The Poisson is a good model when the following assumptions are true:

• The number of times an event occurs in an interval takes values \(0,1,2,\dots\).

• Events occur independently.

• The probability that an event occurs is constant per unit of time.

• The average rate at which events occur is constant.

• Events cannot occur at the same time.

When these assumptions are valid, we can write:

\[ X\sim \operatorname{Poisson}(\lambda), \]

where \(\lambda>0\) is the rate with each the events occur. You read this as:

The random variable \(X\) follows a Poisson distribution with rate parameter \(\lambda\).

The PMF of the Poisson is:

\[ p(X=k) = \frac{\lambda^ke^{-\lambda}}{k!}. \]

Let’s look at a specific example. Historical data show that at a given region a major earthquake occurs once every 100 years on average. What is the probability that \(k\) such earthquakes will occur within the next 100 years. Let \(X\) be the random variable corresponding to the number of earthquakes over the next 100 years. Assuming the Poisson model is valid, the rate parameter is \(\lambda = 1\) and we have:

\[ X\sim \operatorname{Poisson}(1). \]

Here is a Poisson random variable:

Show code cell source Hide code cell source

MAKE_BOOK_FIGURES=False

import matplotlib as mpl
import matplotlib.pyplot as plt
%matplotlib inline
import matplotlib_inline
matplotlib_inline.backend_inline.set_matplotlib_formats('svg')
import seaborn as sns
sns.set_context("paper")
sns.set_style("ticks")

def set_book_style():
    plt.style.use('seaborn-v0_8-white') 
    sns.set_style("ticks")
    sns.set_palette("deep")

    mpl.rcParams.update({
        # Font settings
        'font.family': 'serif',  # For academic publishing
        'font.size': 8,  # As requested, 10pt font
        'axes.labelsize': 8,
        'axes.titlesize': 8,
        'xtick.labelsize': 7,  # Slightly smaller for better readability
        'ytick.labelsize': 7,
        'legend.fontsize': 7,
        
        # Line and marker settings for consistency
        'axes.linewidth': 0.5,
        'grid.linewidth': 0.5,
        'lines.linewidth': 1.0,
        'lines.markersize': 4,
        
        # Layout to prevent clipped labels
        'figure.constrained_layout.use': True,
        
        # Default DPI (will override when saving)
        'figure.dpi': 600,
        'savefig.dpi': 600,
        
        # Despine - remove top and right spines
        'axes.spines.top': False,
        'axes.spines.right': False,
        
        # Remove legend frame
        'legend.frameon': False,
        
        # Additional trim settings
        'figure.autolayout': True,  # Alternative to constrained_layout
        'savefig.bbox': 'tight',    # Trim when saving
        'savefig.pad_inches': 0.1   # Small padding to ensure nothing gets cut off
    })

def save_for_book(fig, filename, is_vector=True, **kwargs):
    """
    Save a figure with book-optimized settings.
    
    Parameters:
    -----------
    fig : matplotlib figure
        The figure to save
    filename : str
        Filename without extension
    is_vector : bool
        If True, saves as vector at 1000 dpi.
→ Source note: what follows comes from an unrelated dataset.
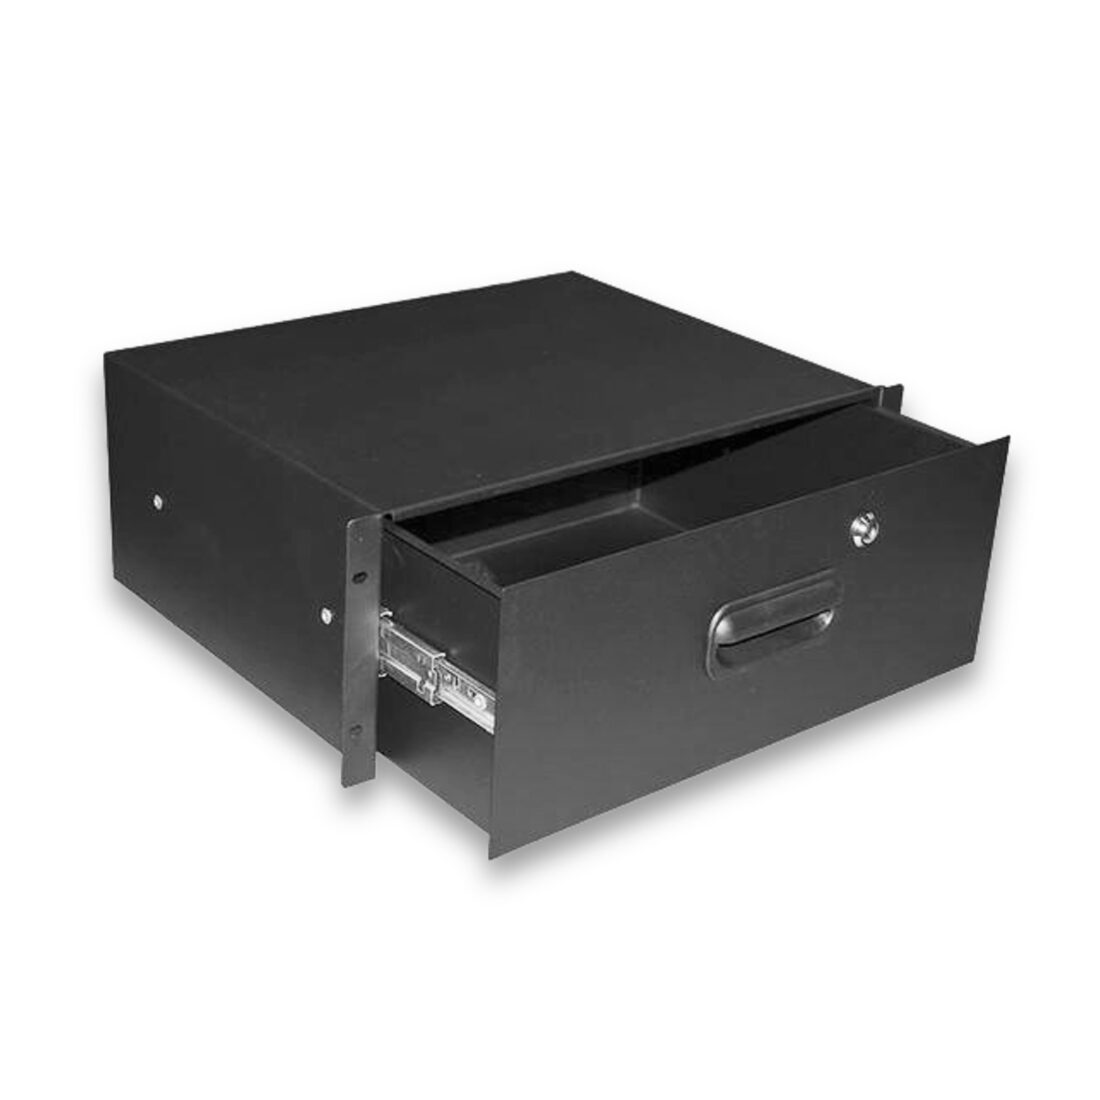 4U rack drawer

If False, saves as raster at 600 dpi.
    **kwargs : dict
        Additional kwargs to pass to savefig
    """    
    # Set appropriate DPI and format based on figure type
    if is_vector:
        dpi = 1000
        ext = '.pdf'
    else:
        dpi = 600
        ext = '.tif'
    
    # Save the figure with book settings
    fig.savefig(f"{filename}{ext}", dpi=dpi, **kwargs)
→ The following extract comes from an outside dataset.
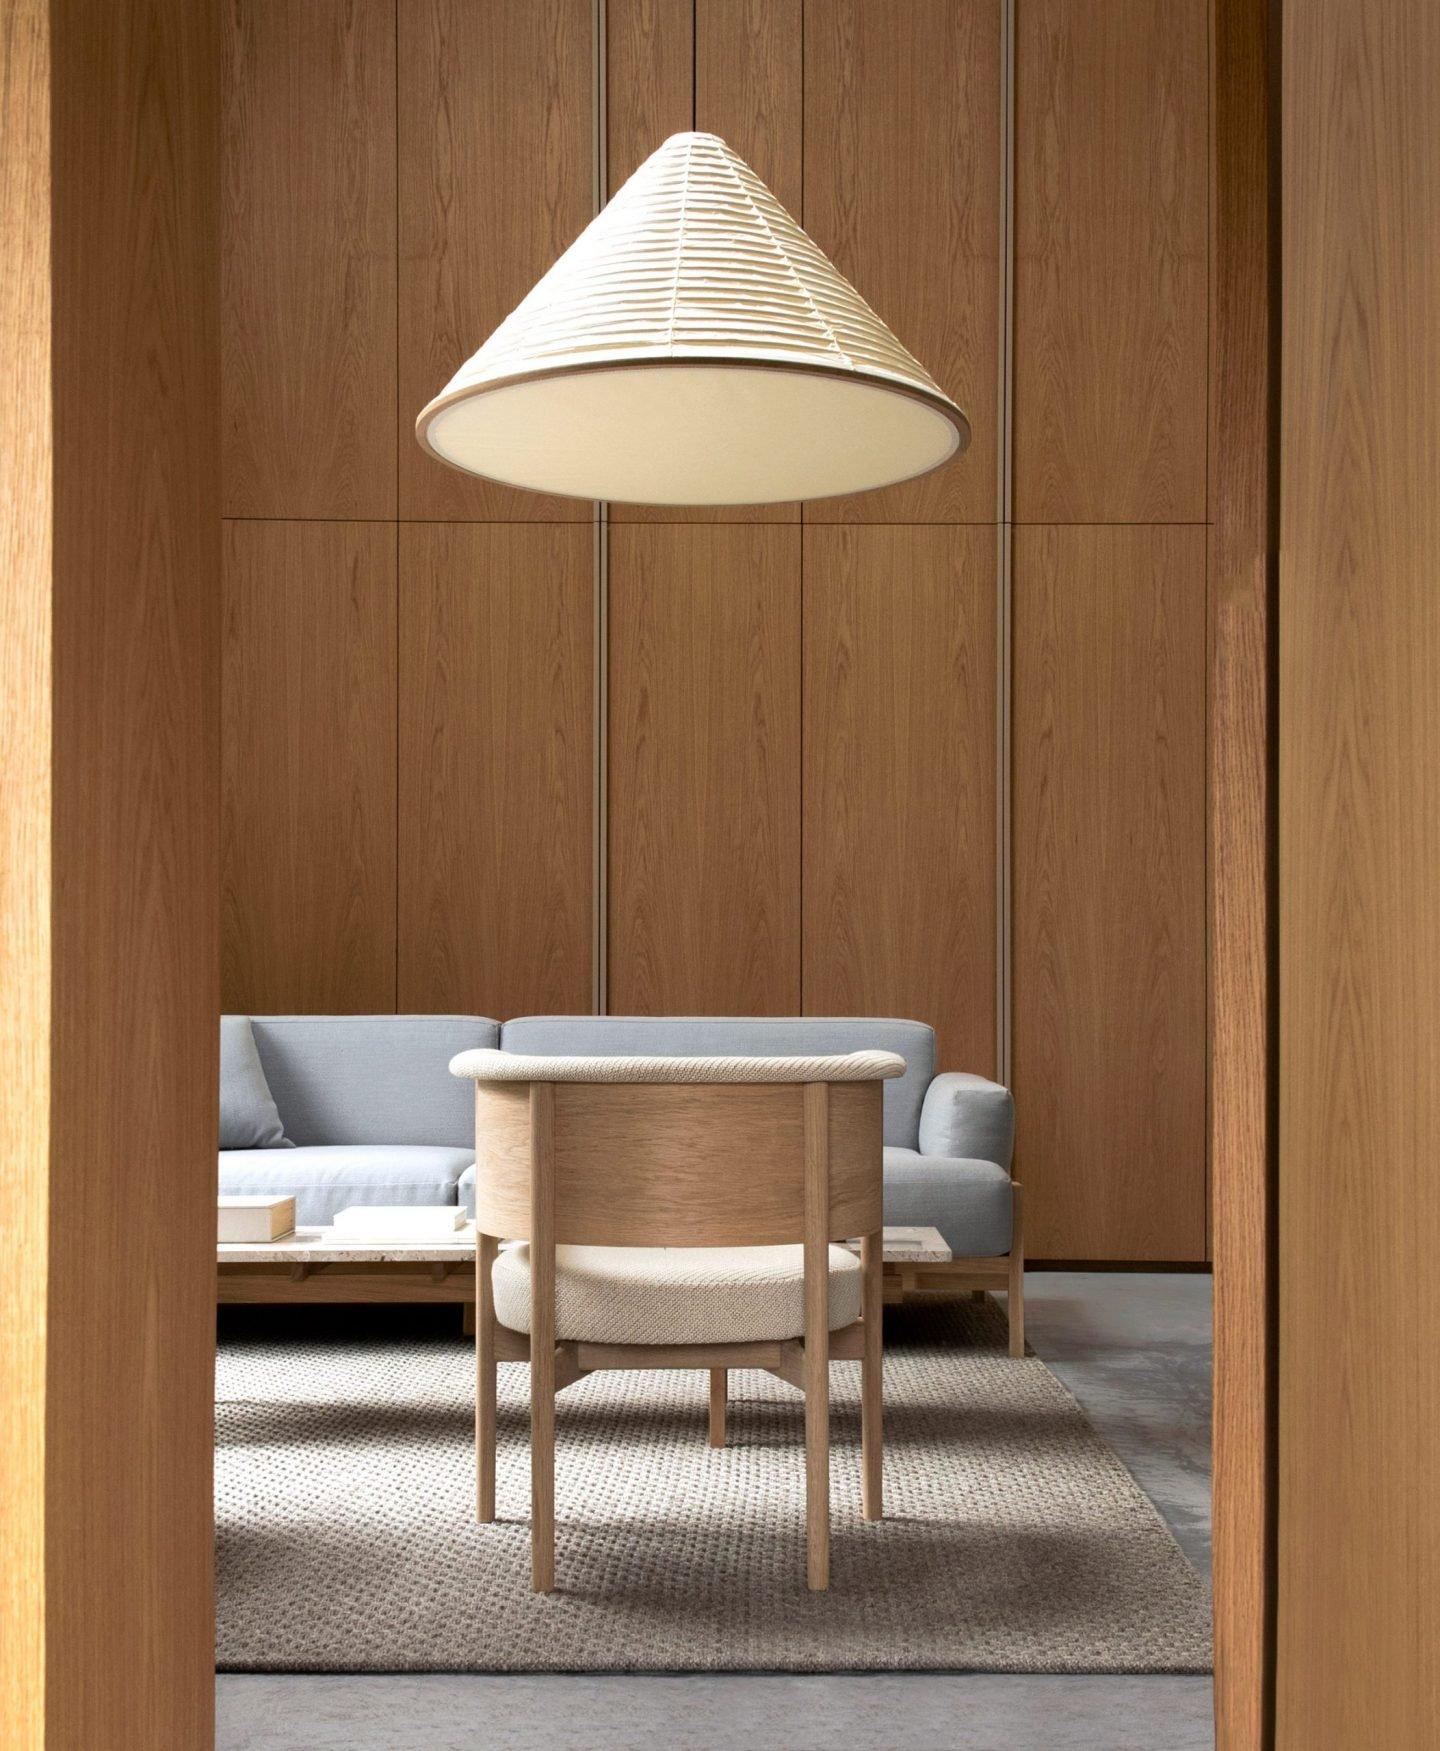 IGNANT-Architecture-Norm-Architects-Archipelago-House-09

def make_full_width_fig():
    return plt.subplots(figsize=(4.7, 2.9), constrained_layout=True)

def make_half_width_fig():
    return plt.subplots(figsize=(2.35, 1.45), constrained_layout=True)

if MAKE_BOOK_FIGURES:
    set_book_style()
make_full_width_fig = make_full_width_fig if MAKE_BOOK_FIGURES else lambda: plt.subplots()
make_half_width_fig = make_half_width_fig if MAKE_BOOK_FIGURES else lambda: plt.subplots()

import numpy as np
import scipy.stats as st

X = st.poisson(1.0)

And some samples from it:

X.rvs(10)

array([1, 0, 0, 1, 1, 1, 1, 3, 2, 0])

Let’s plot the PMF:

ks = range(6)
fig, ax = make_full_width_fig()
ax.vlines(ks, 0, X.pmf(ks))
ax.set_xlabel('Number of major earthquakes in next 100 years')
ax.set_ylabel('Probability of occurance')
save_for_book(fig, 'ch9.fig4')

You will investigate the Poisson distribution more in {ref}`lecture09:homework

Questions

• How would the rate parameter \(\lambda\) change if the rate with each major earthquakes occured in the past was 2 every 100 years? Plot the pmf of the new Poisson random variable. You may have to add more points in the x-axis.